The West Virginia Department of Transportation (WVDOT) turned to UAVs to save time and money. Incorporating drones has saved WVDOT more than $340,000 in a single month.
In 2017, WVDOT began formally looking into launching a drone program. WVDOT concluded that drones could be ideal for stockpile surveys — using them had the potential to speed up the process, reduce risk, and increase accuracy.
Jesse Bennett, statewide survey unit leader at WVDOT, flew several test missions to validate the use case. He quickly realized drones had huge potential to transform this time-consuming and risky task.
The agency began with a team of nine Federal Aviation Administration-certified drone pilots and 12 drones. WVDOT also began using Skyward’s Drone Management Platform to manage their flights, pilots and equipment. Skyward offered a single, digital platform to coordinate complex missions and obtain airspace permissions.

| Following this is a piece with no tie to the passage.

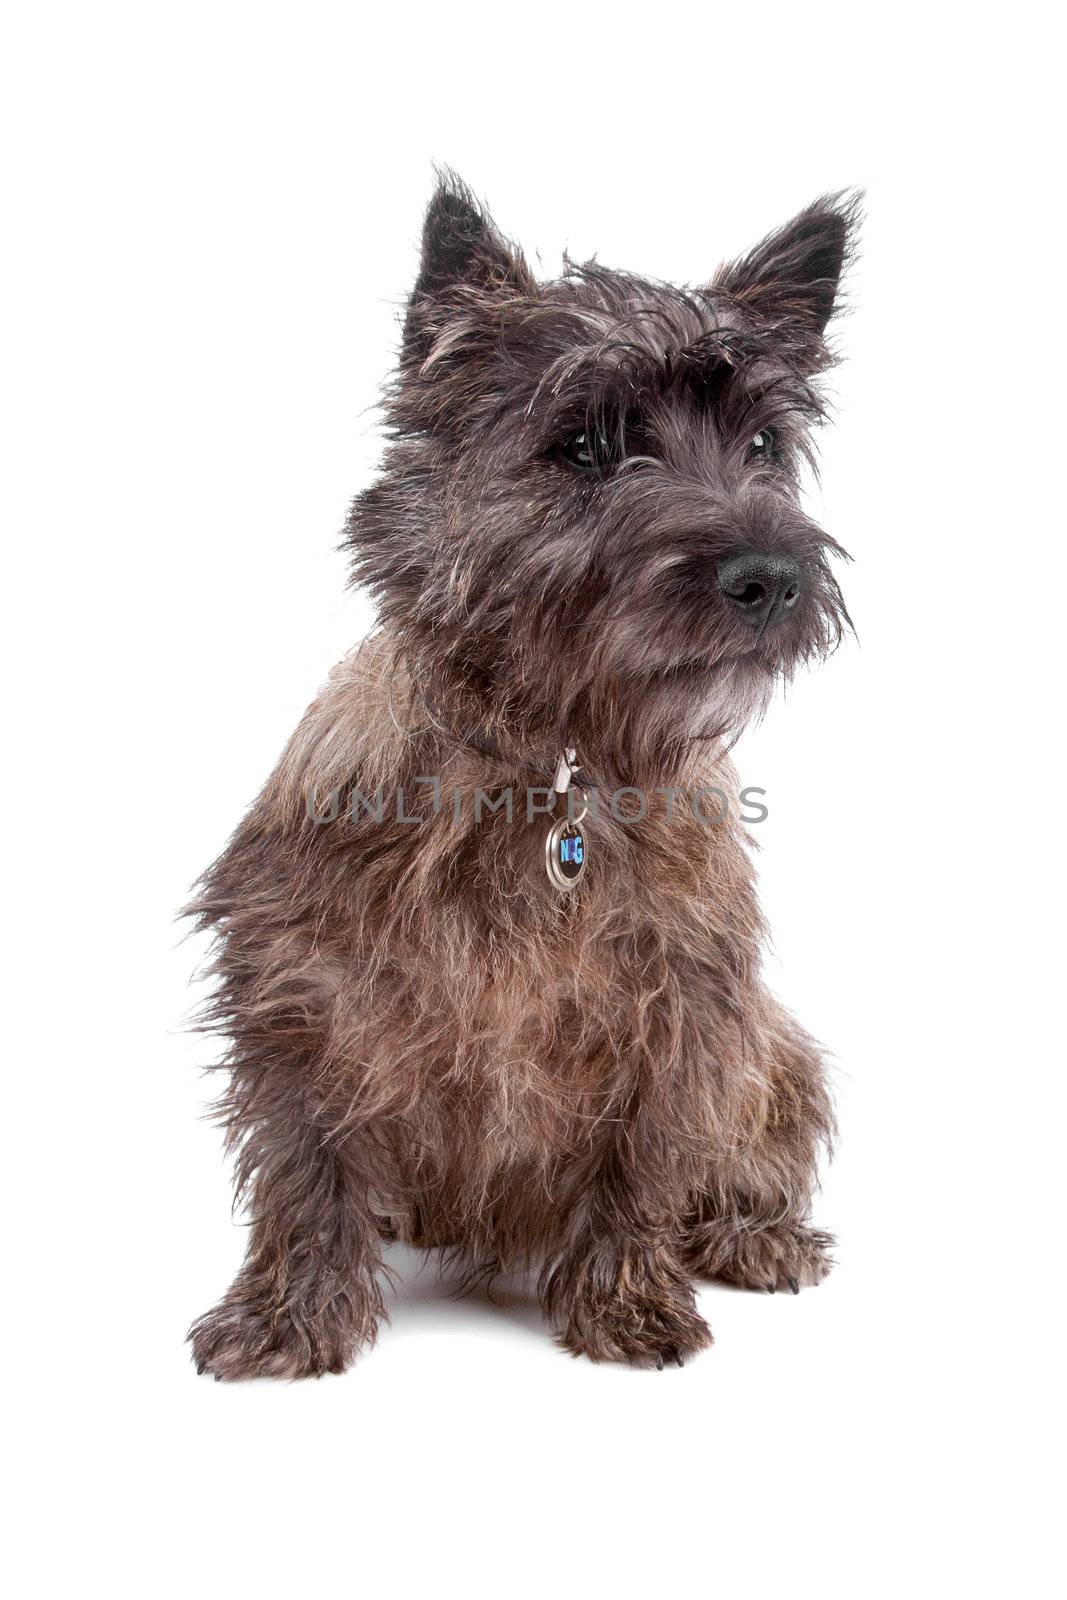 Cute Cairn terrier dog sitting, isolated on a white background

“I saw the need for something like Skyward from the very beginning, when I was the first and only pilot,” Bennett said. “I was manually making entries in flight logs and maintenance logs, and I was using about seven or eight different apps and websites just to plan and fly a mission.”
Using Skyward as a single place to keep track of every aspect of the drone program enabled Bennett to quickly resolve an investigation after someone mistakenly assumed he didn’t have authorization to fly in an area and reported him to the FAA.The software helped him demonstrate that crews were obeying FAA regulations and WVDOT’s own rules.
Starting in spring 2019, WVDOT began deploying drone crews for stockpile inspections at scale. WVDOT has 177 sites across the state that contain stockpiled materials. Each year, the stockpiles must be physically surveyed to calculate the volume of material. From 42 surveyors laboring for 15 workdays, the same workload took seven UAS pilots only nine workdays to complete the project.